• _Problem to solve_
The response should consist solely of the line containing "While it was" and the lines after it through the end of the listing below, repeated exactly.

• _Provided data_
= Beginning of Section =
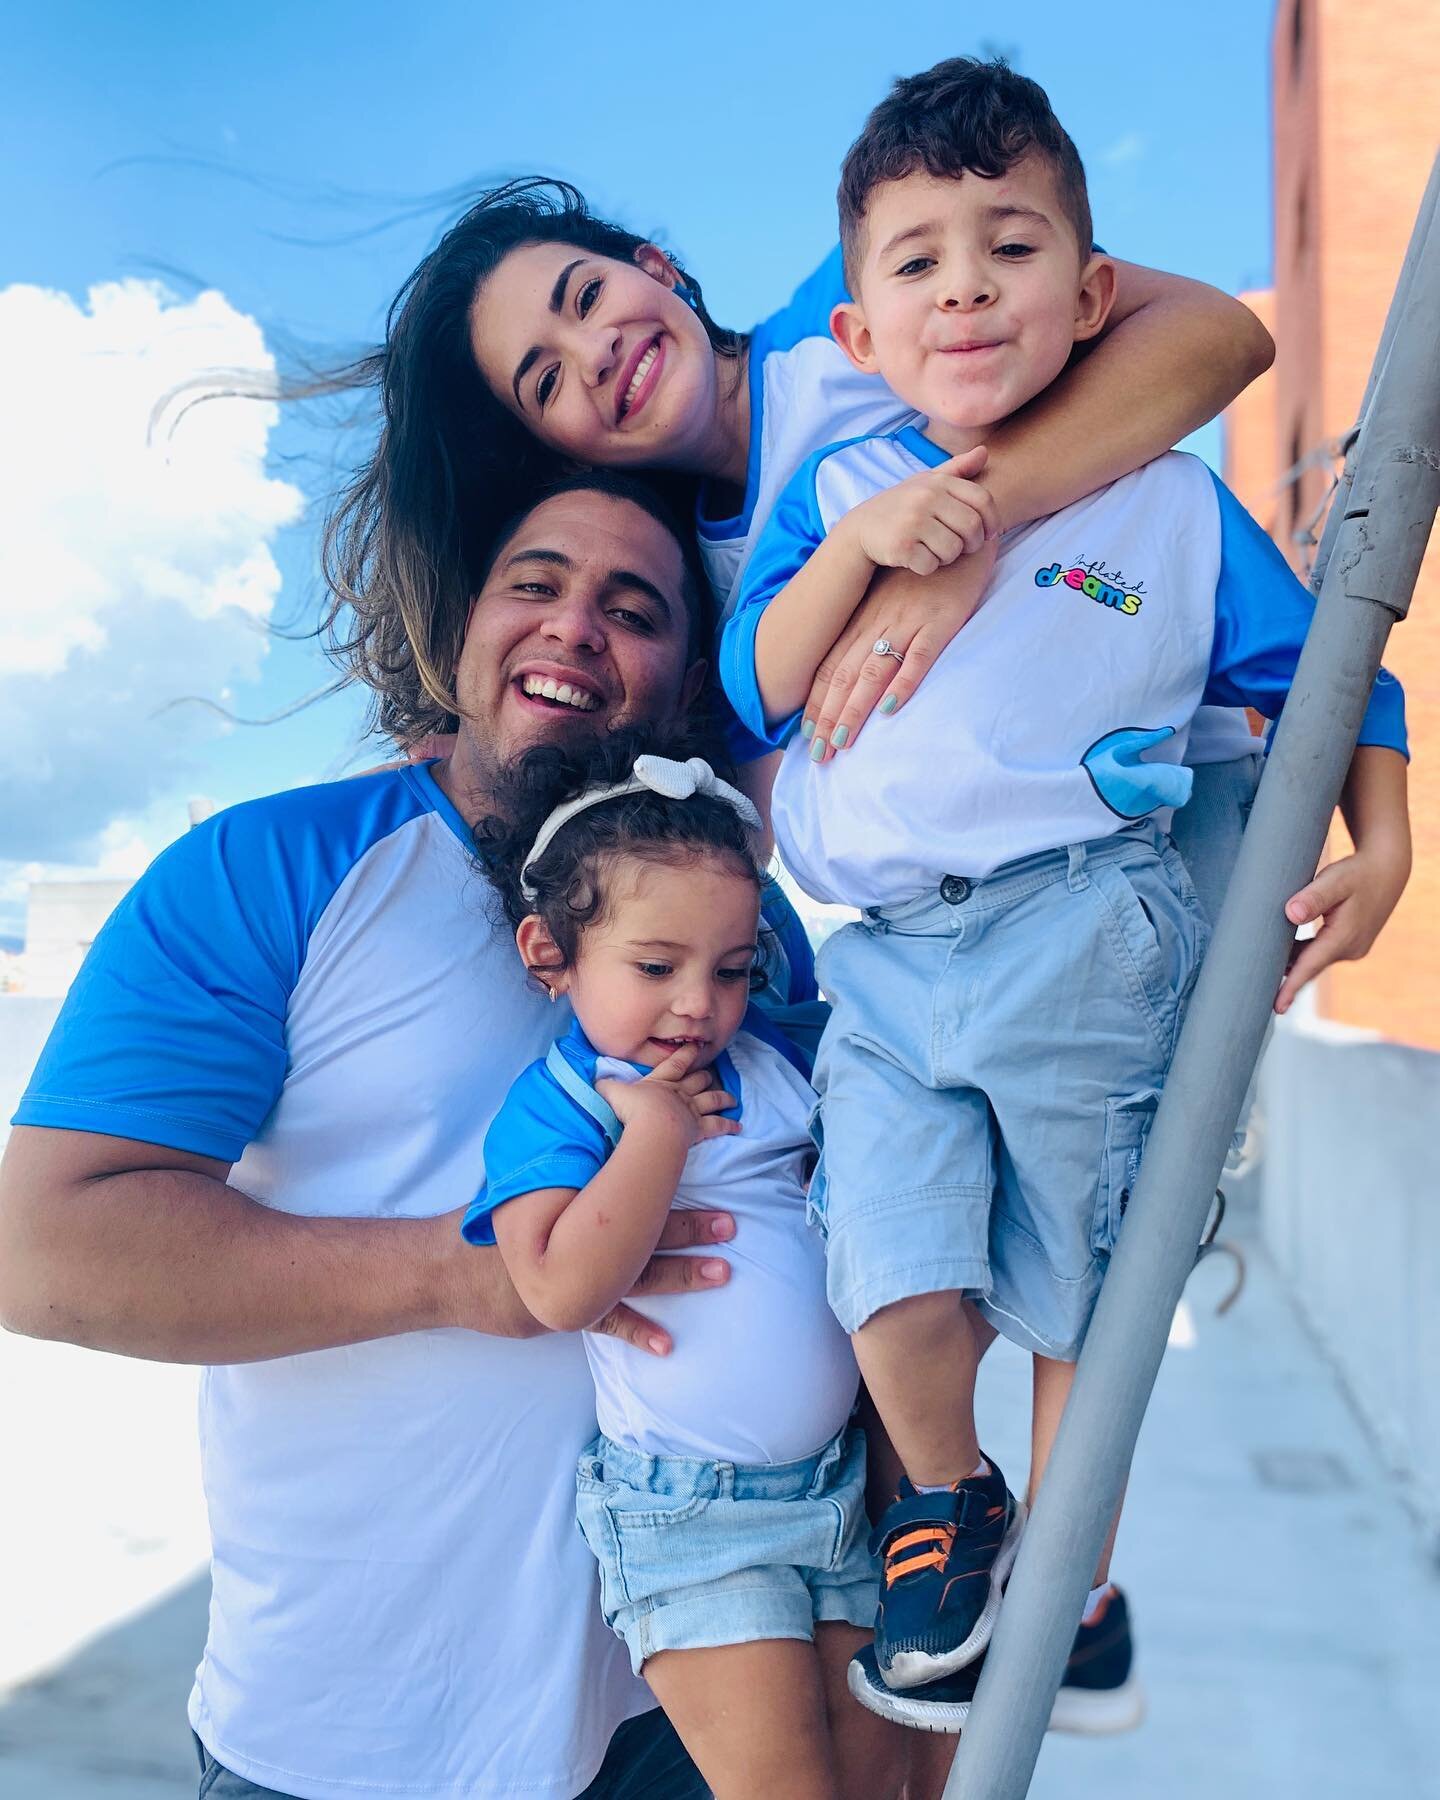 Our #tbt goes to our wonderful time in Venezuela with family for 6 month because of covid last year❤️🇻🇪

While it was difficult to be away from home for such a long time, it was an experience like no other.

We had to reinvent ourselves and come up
= End of Section =
• _Answer to this problem_
While it was difficult to be away from home for such a long time, it was an experience like no other.

We had to reinvent ourselves and come up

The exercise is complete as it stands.